I've recently started trying to process data from the GEO datasets that are publically available.
Unfortunately my R skills are still quite not up to par.
I've been working with a specific set in particular GSE3933
the code is simply to extract the expression for each sample then match it with the appropriate gene symbol/annotation.
gse3933 <- getGEO('GSE3933',GSEMatrix=TRUE)
gpl <- annotation(gse3933[[3]])
platf <- getGEO(gpl, AnnotGPL=TRUE)
anot <- data.frame(attr(dataTable(platf), "table"))
Gmicro <- exprs(gse3933[[3]])
My problem arises in two parts:
Part 1
I've accessed the user submitted annotation which is GPL3289 - this has ten variables. However there is no variable which is "gene symbol". My guess is that the GB_List variable column can be converted to Gene symbols/ Gene ID's - however I have not been able to figure out how to do this.
Part 2
I then want to match the Gene Symbols/Probes with the appropriate expression values from the matrix 'Gmicro' as per the code. Is this simply matching the ID's from the matrix generated by using the exprs function to those generated using dataTable?
Thanks for the answer! very helpful. Just a couple of follow up questions
From the code you've provided, you've matched the GB_LIST to the known gene names. I'm still a bit confused about the GB_LIST. If these are known Genebank accession numbers, shouldn't they easily match? In other words, why do certain GB_LIST not 'exist' in the database.

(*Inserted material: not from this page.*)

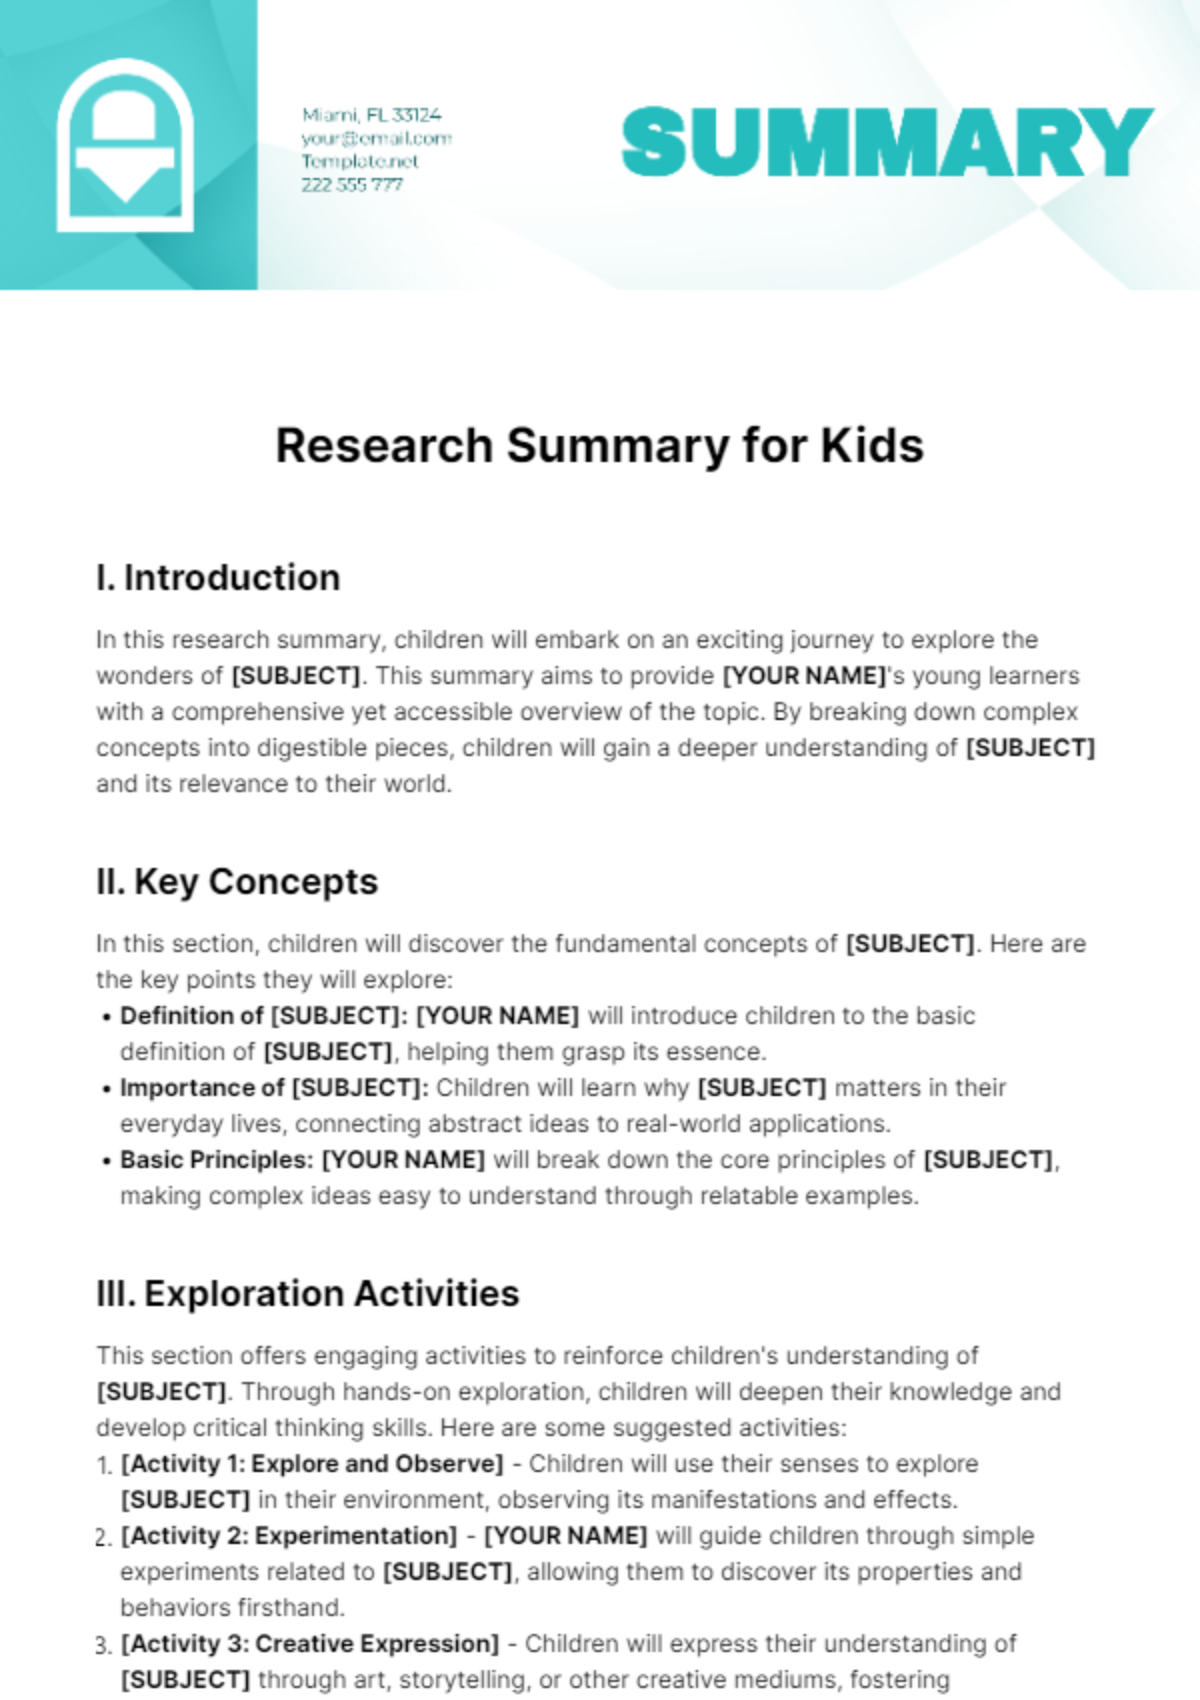 Research Summary for Kids Template

My other question as per before is simply:
Does the ID column in featureData correspond with that found in AssayData? so e.g. 550 matches 550? (seems obvious, but want to check for surety)
Thank you so much again for the answer and your time.
Just because a sequence is found in GenBank doesn't imply that there will be a gene. As I mentioned, these are ESTs, which IIRC can be roughly translated as 'A sequence some person found in a tissue or cell culture this one time so we put it in the database.'
Or more formally, from NCBI:
"The Nucleotide, Genome Survey Sequence (GSS), and Expressed Sequence Tag (EST) database all contain nucleic acid sequences. The data in GSS and EST are from two large bulk sequence divisions of GenBank. GSS and EST data are typically uncharacterized, short genomic (GSS) or cDNA (EST) sequences."
As an example, one of the first GenBank IDs is AI251547, which if you do a Google search, should come up with this as one of the top hits (it's first for me):
http://www.ncbi.nlm.nih.gov/nucest/AI251574,AI792844,AI733932
And if you follow the links, you will see that this is a clone that was pulled out of an ovary cancer cell line by a CGAP researcher way back in 1998. It has a GenBank accession number and a GI number, but that's it. You can take the sequence and blat it at UCSC and find out that it doesn't really align anywhere.